Repeat exactly the stretch of lines that starts with the one containing "Here’s how San" and ends with the last line of the material. Leave out pictures.

Data segment:
^^^^

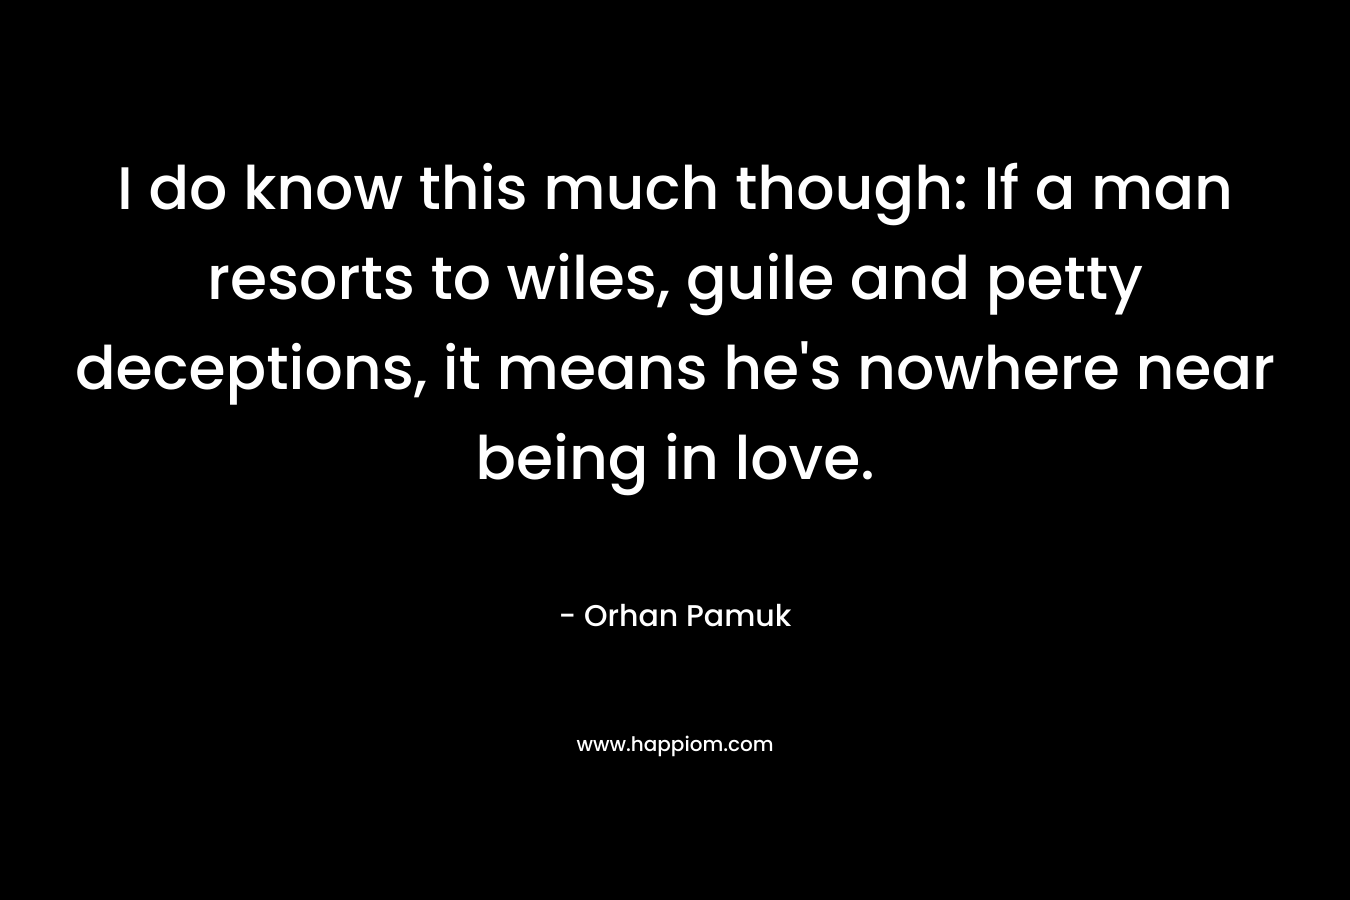 I do know this much though: If a man resorts to wiles, guile and petty deceptions, it means he’s nowhere near being in love. – Orhan Pamuk
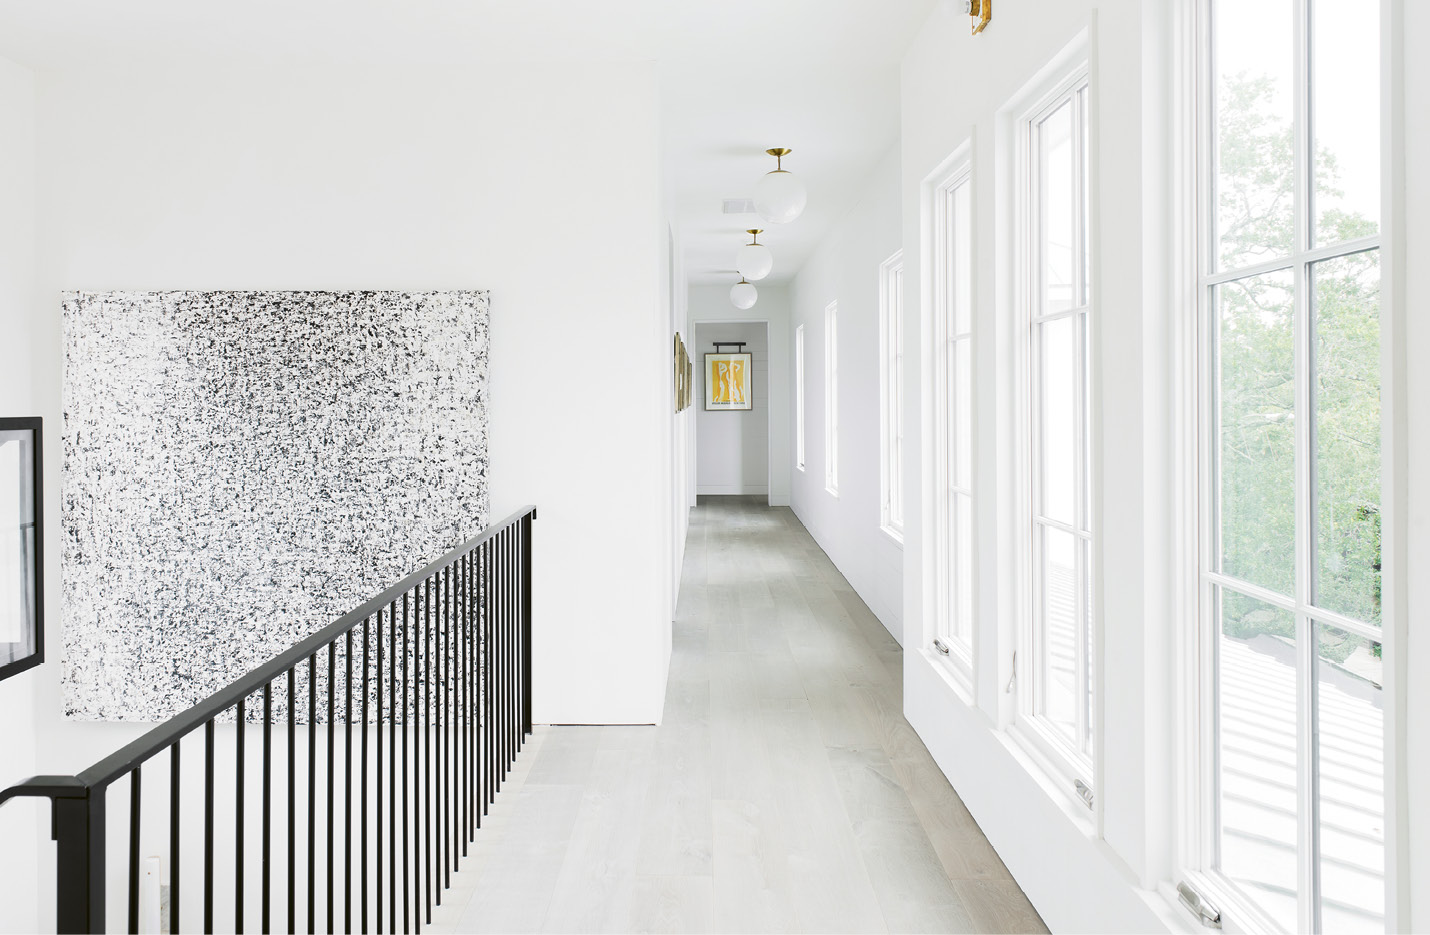 A custom black-and-white piece by Belgian artist Sabine Maes makes a statement in the upstairs hallway.
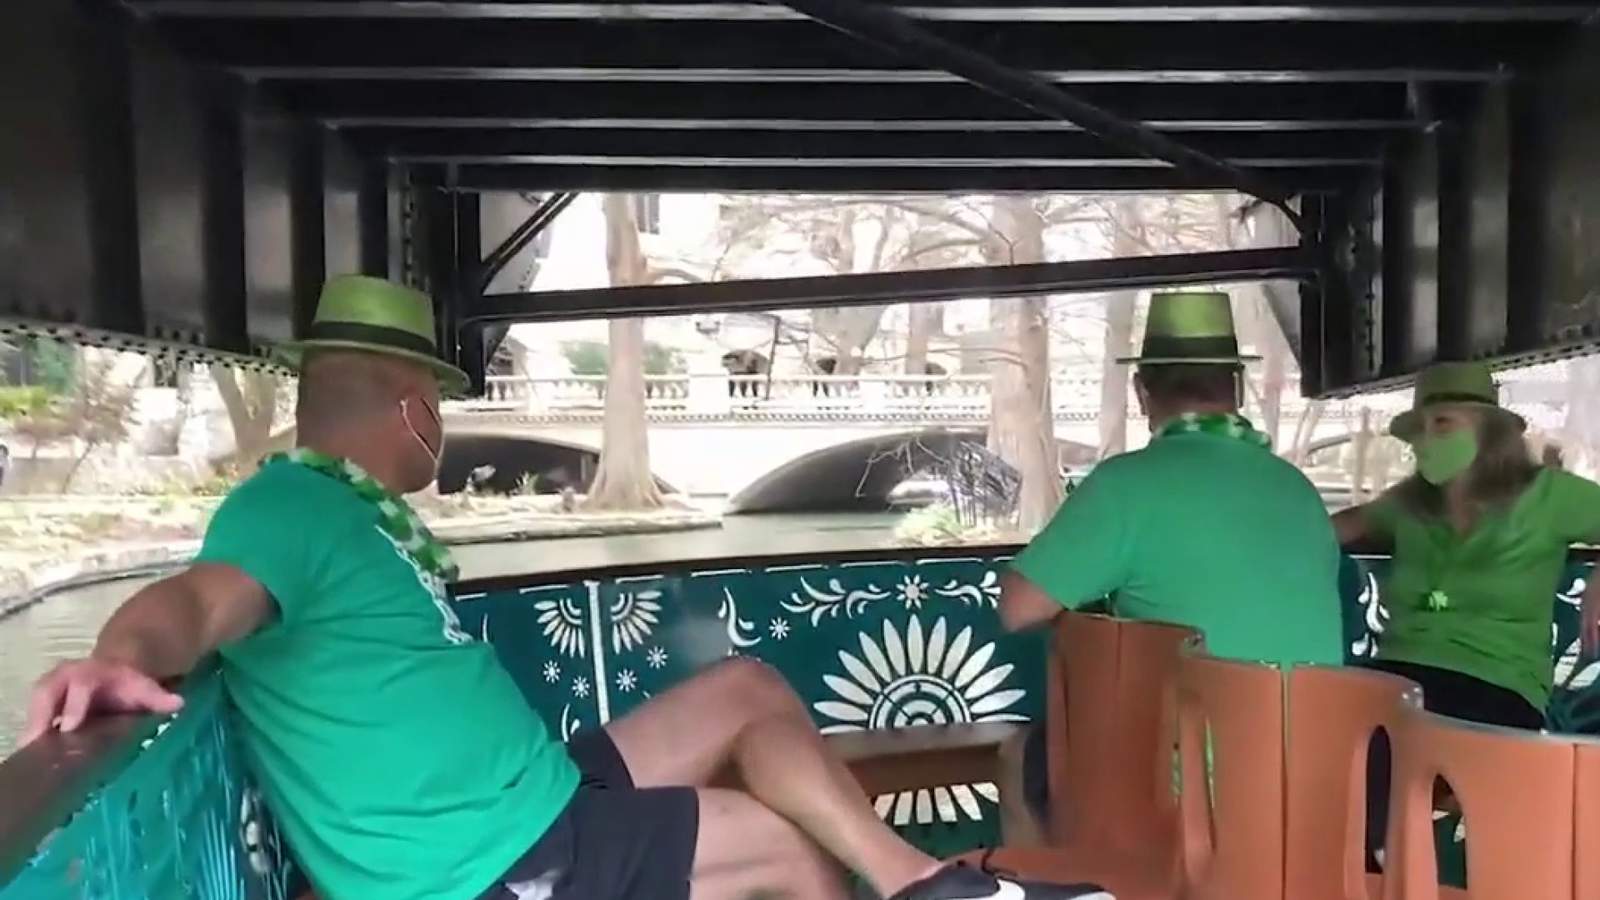 Here’s how San Antonio is celebrating St. Patrick’s Day this year
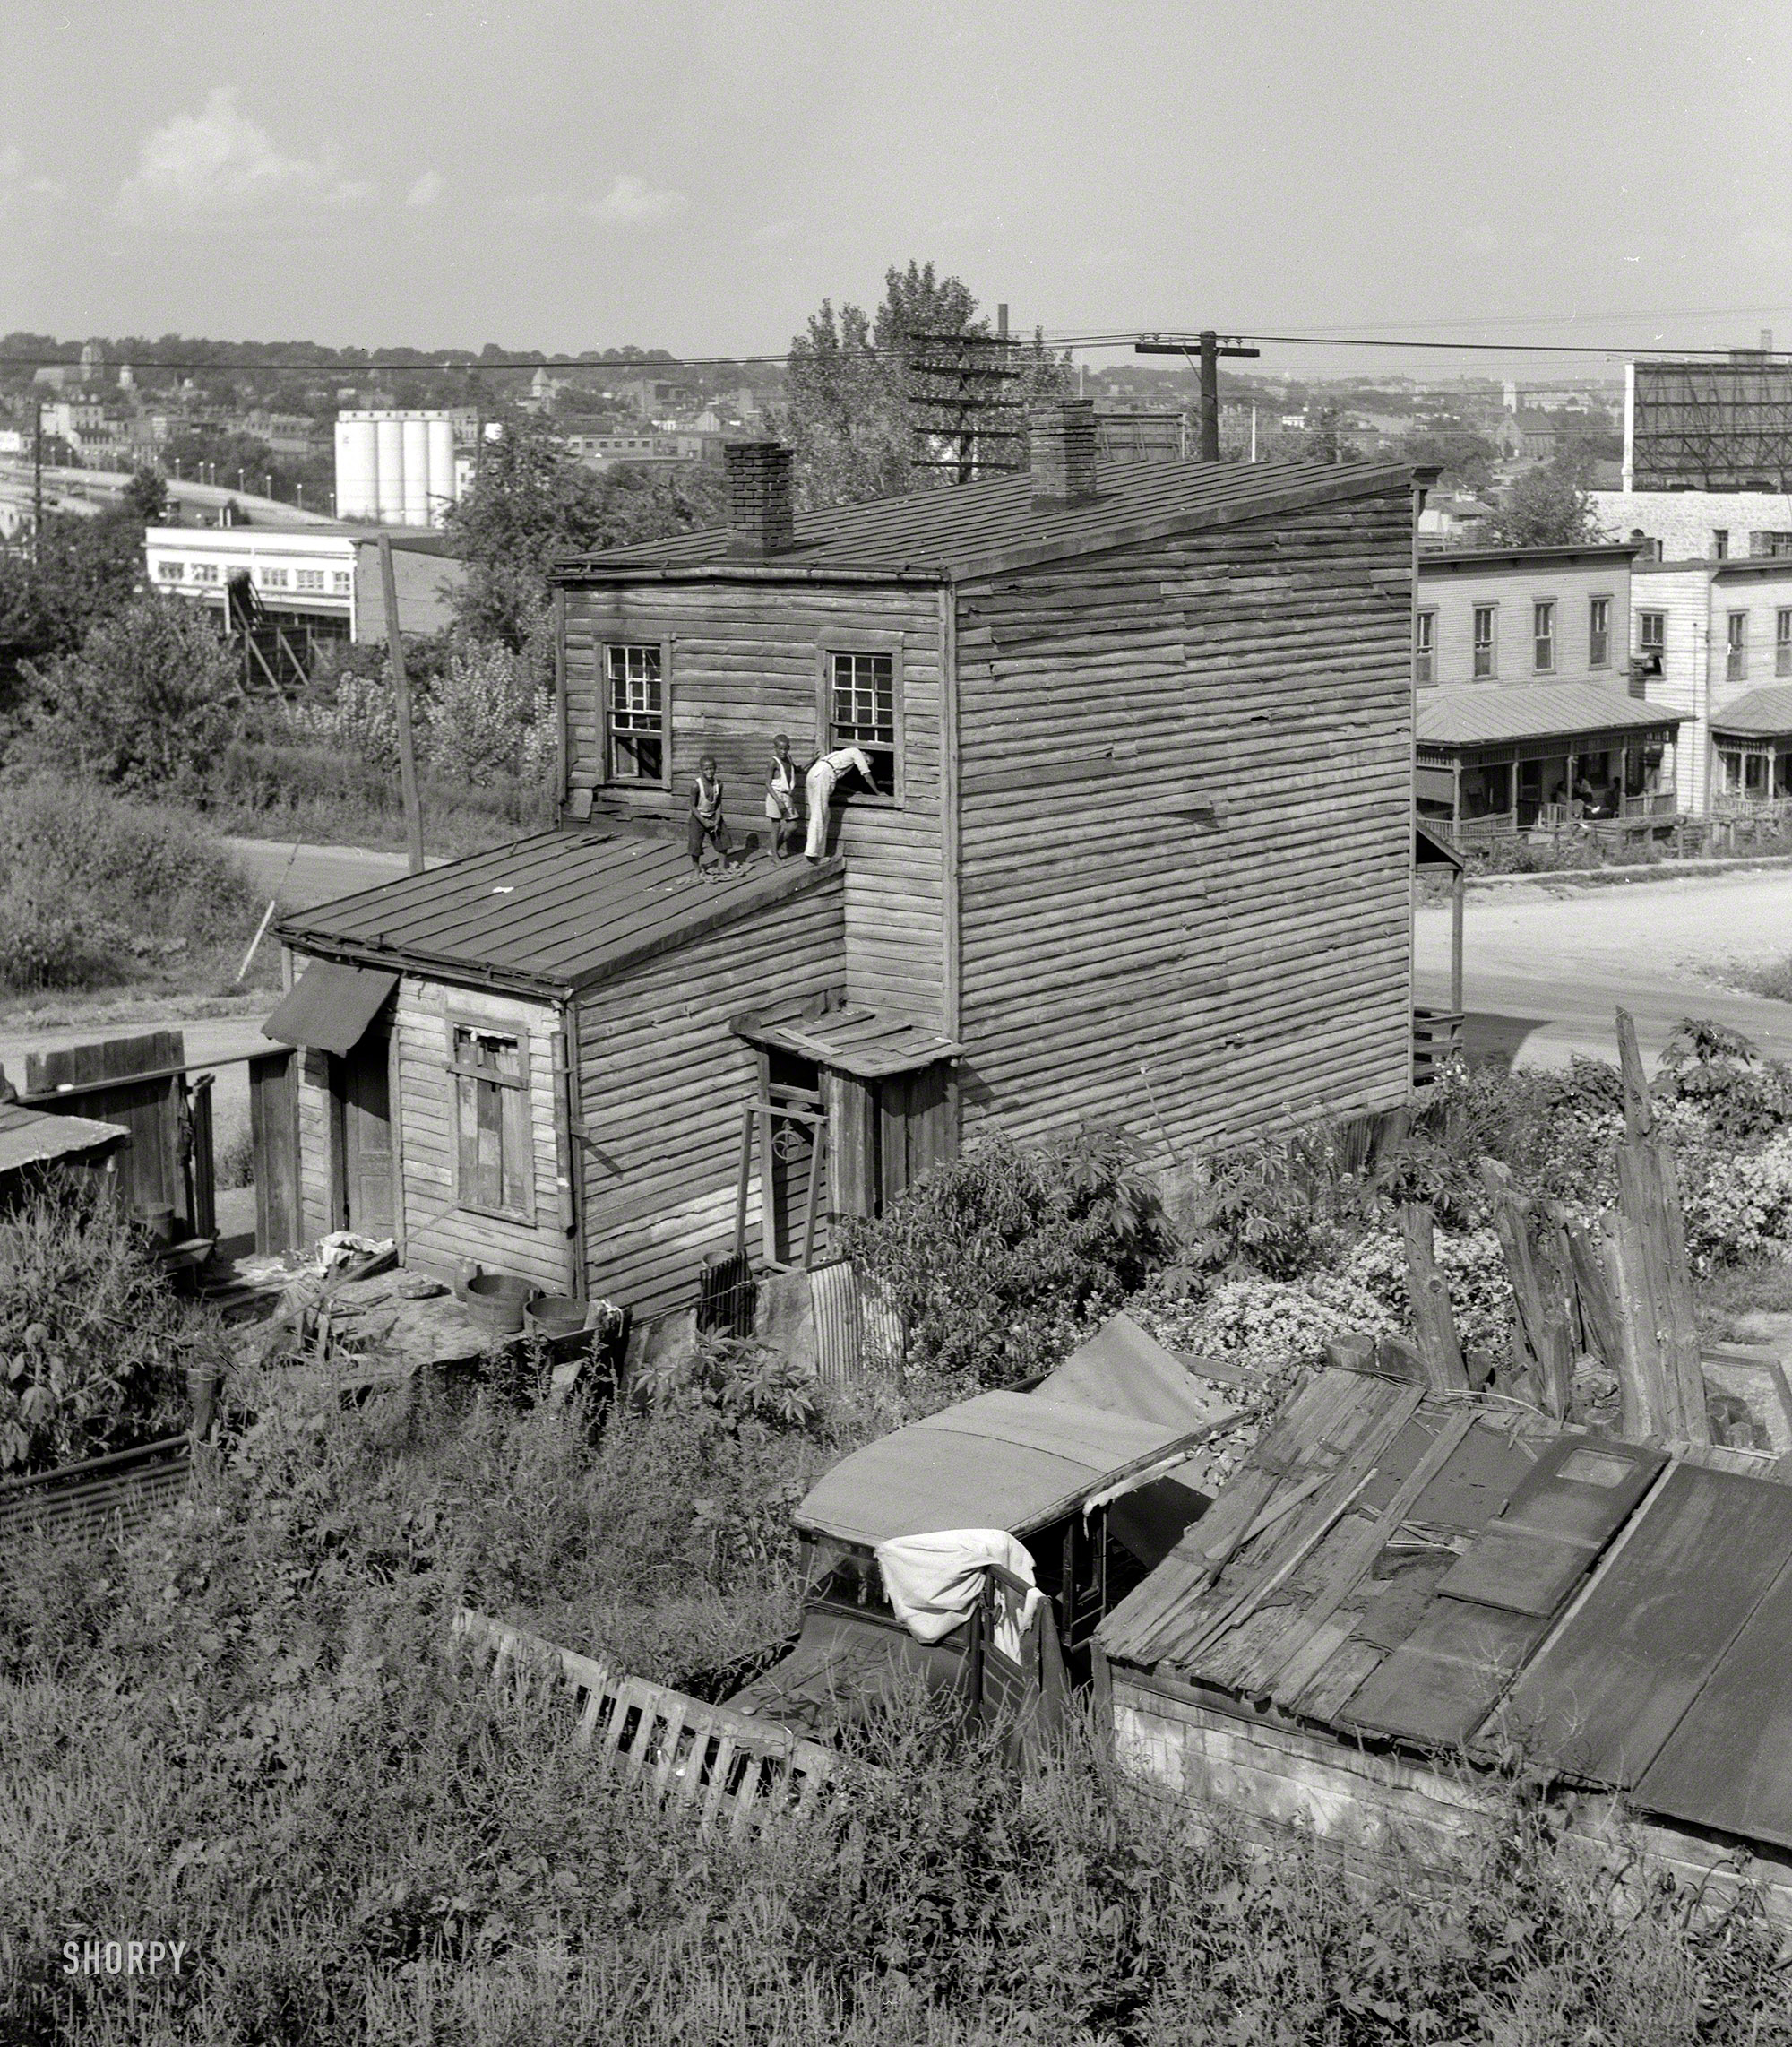 September 1937. "House in Negro quarter of Rosslyn, Virginia." Washington, D.C., and the Key Bridge form the background for this curious scene. Medium-format negative by John Vachon. View full size.

^^^^

Problem solution:
 Here’s how San Antonio is celebrating St. Patrick’s Day this year
 September 1937. "House in Negro quarter of Rosslyn, Virginia." Washington, D.C., and the Key Bridge form the background for this curious scene. Medium-format negative by John Vachon. View full size.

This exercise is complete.